# AIM OF THE TASK
Would you return the data below exactly as it stands, with every picture left out?

# DATA EXCERPT
————————
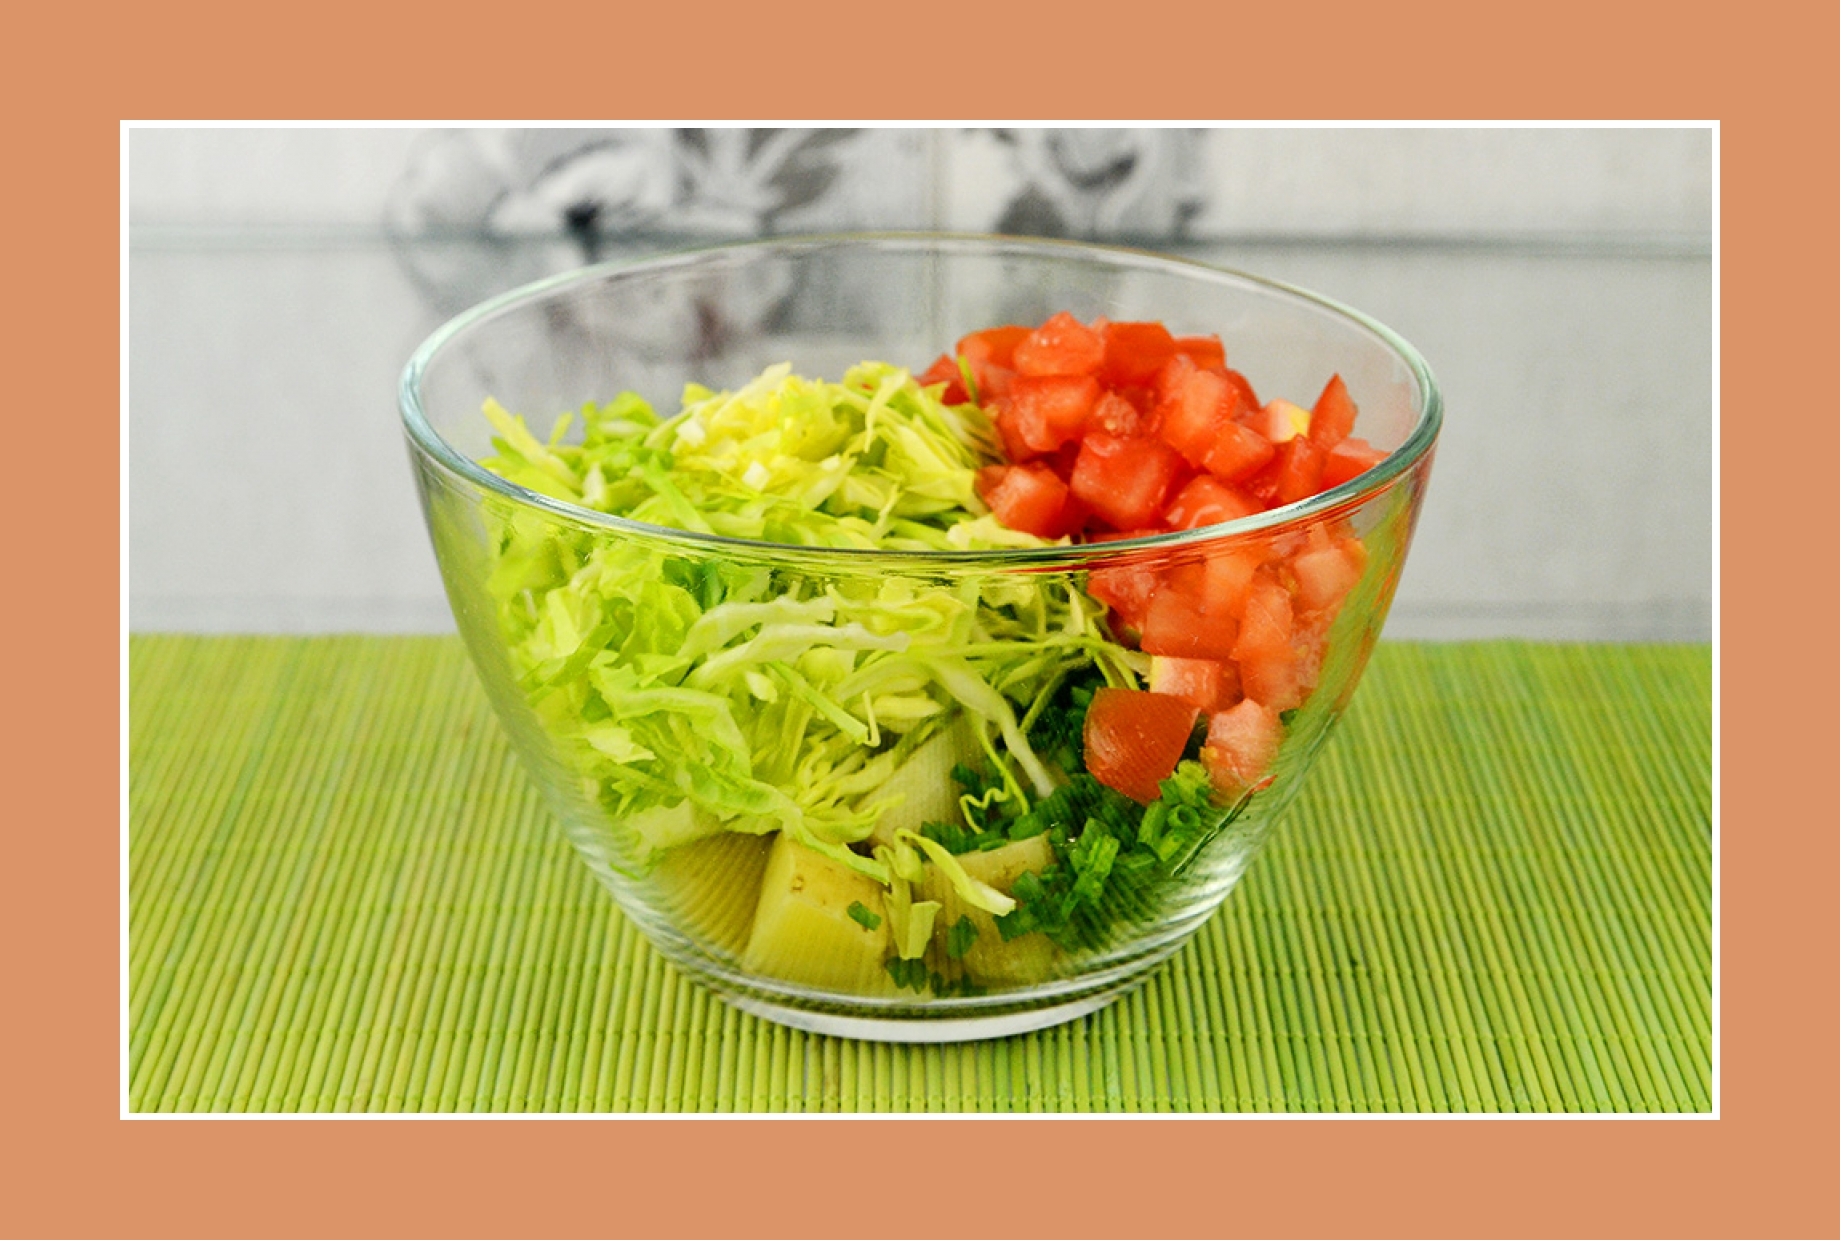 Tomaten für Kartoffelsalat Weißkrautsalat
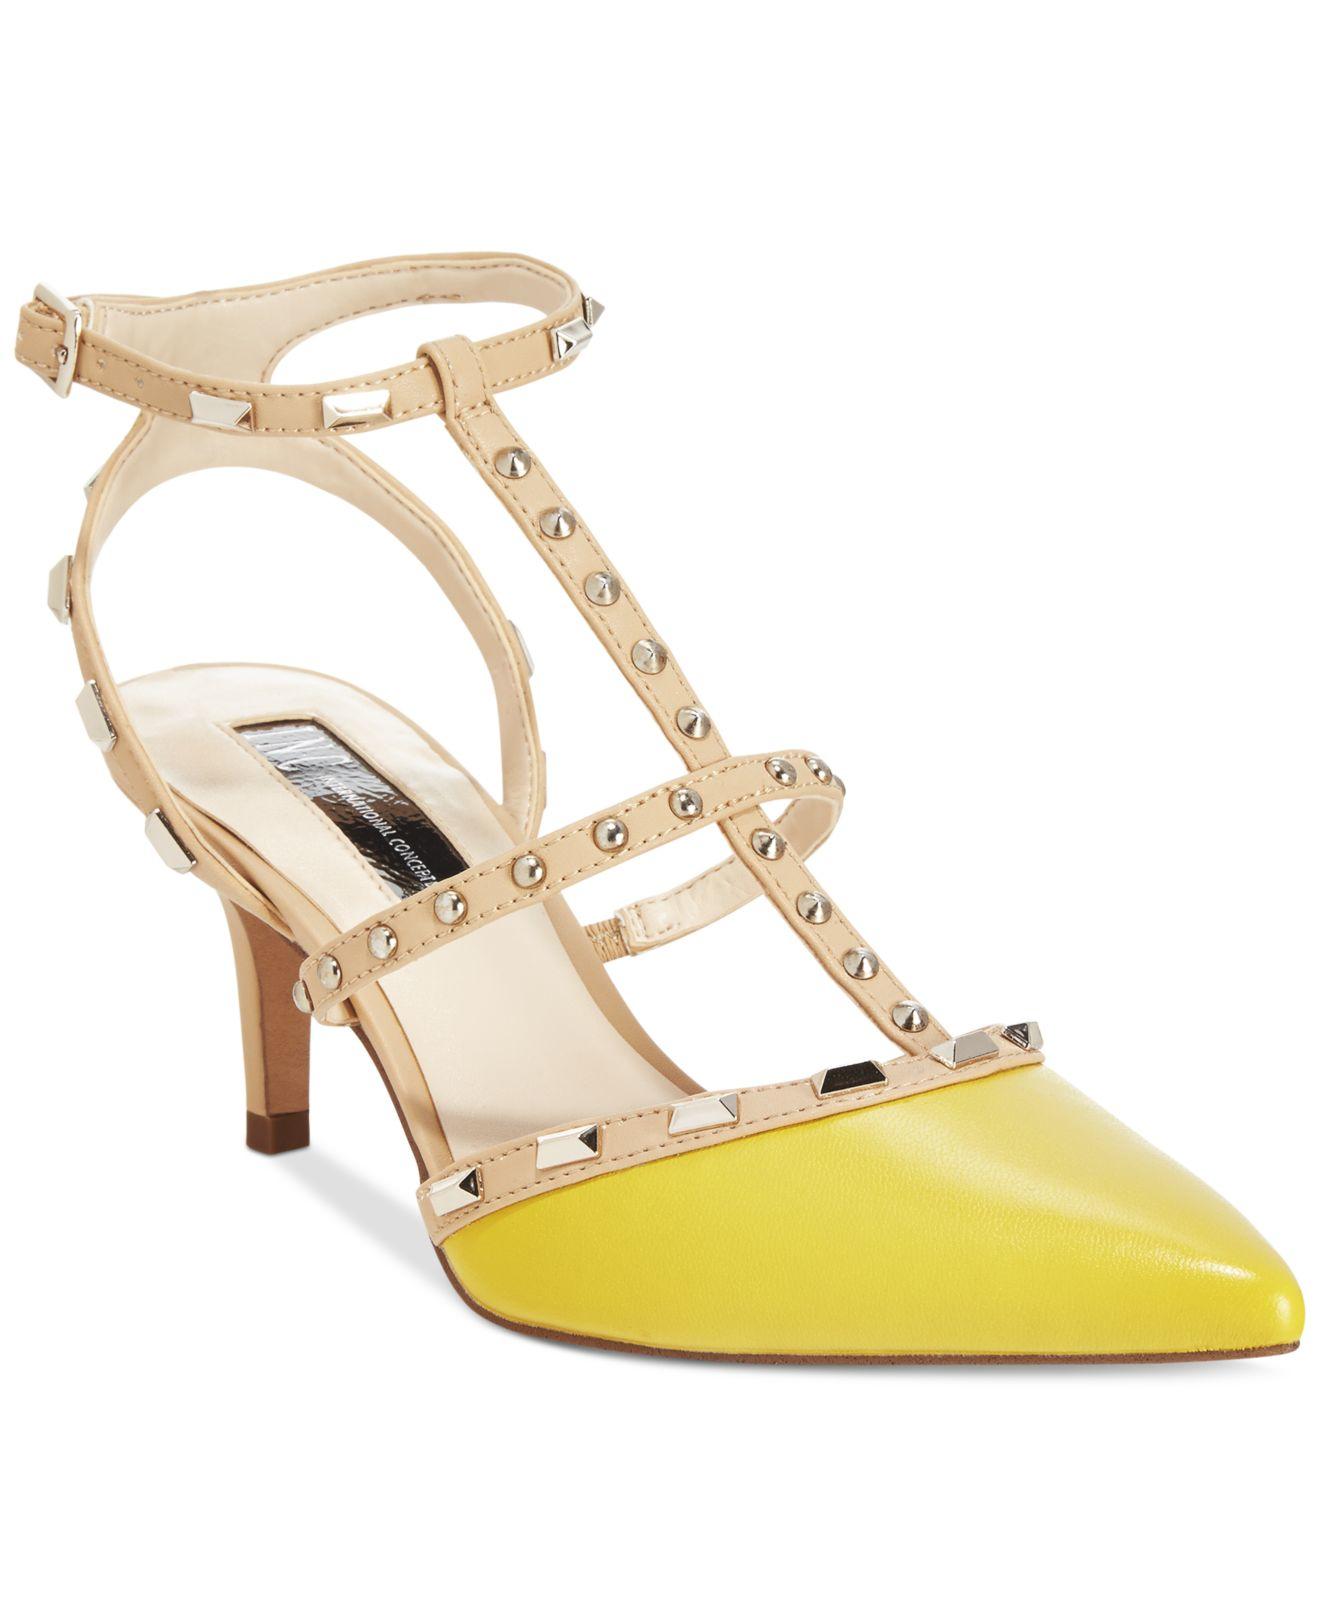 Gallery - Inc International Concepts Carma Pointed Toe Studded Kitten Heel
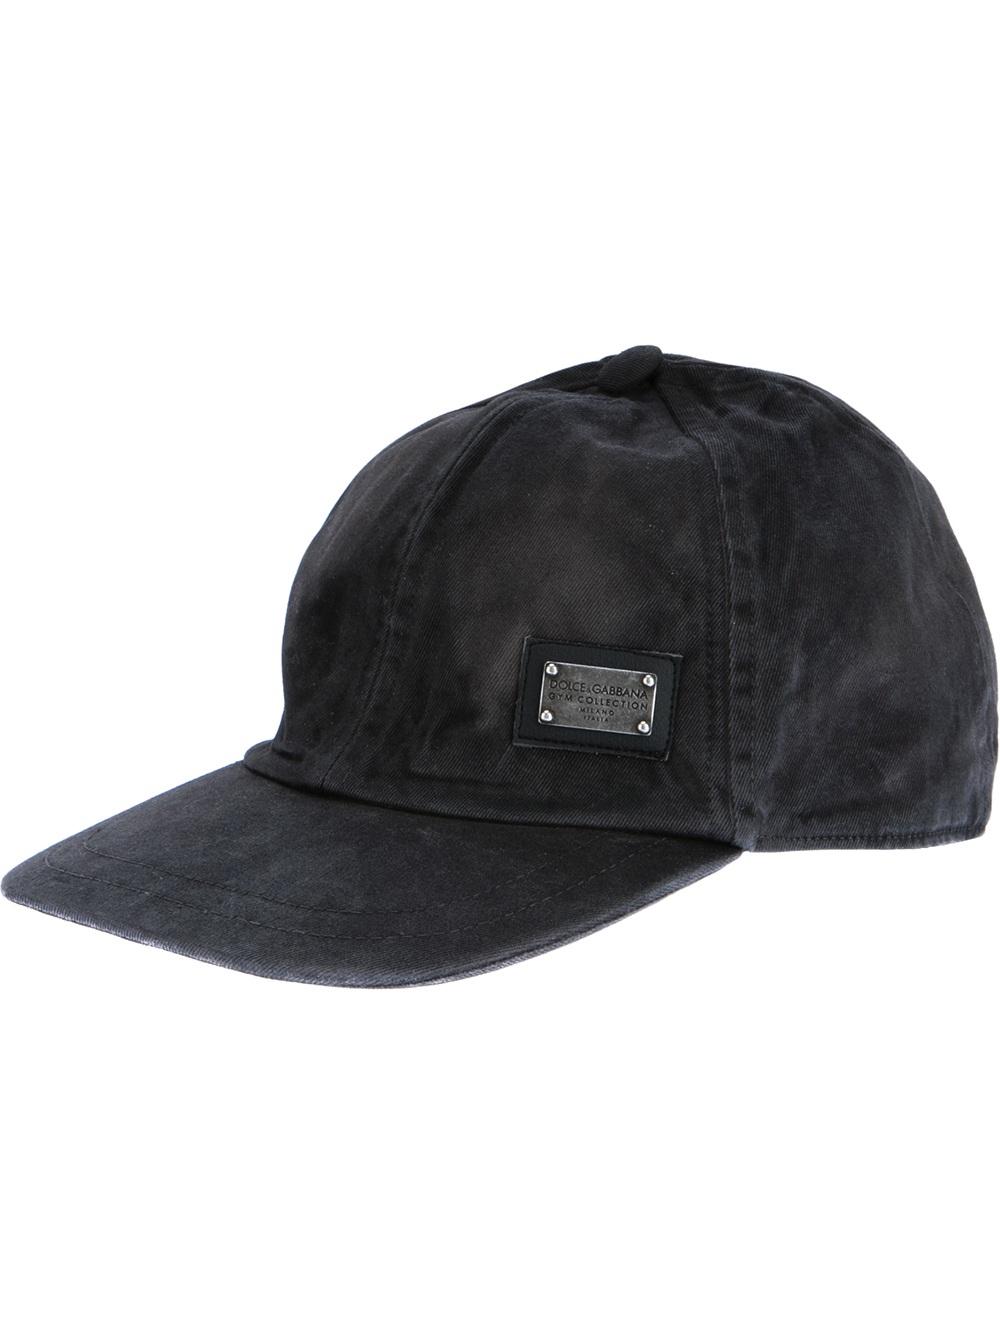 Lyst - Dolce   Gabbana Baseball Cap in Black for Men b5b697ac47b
————————
# RESULT
 Tomaten für Kartoffelsalat Weißkrautsalat
 Gallery - Inc International Concepts Carma Pointed Toe Studded Kitten Heel
 Lyst - Dolce   Gabbana Baseball Cap in Black for Men b5b697ac47b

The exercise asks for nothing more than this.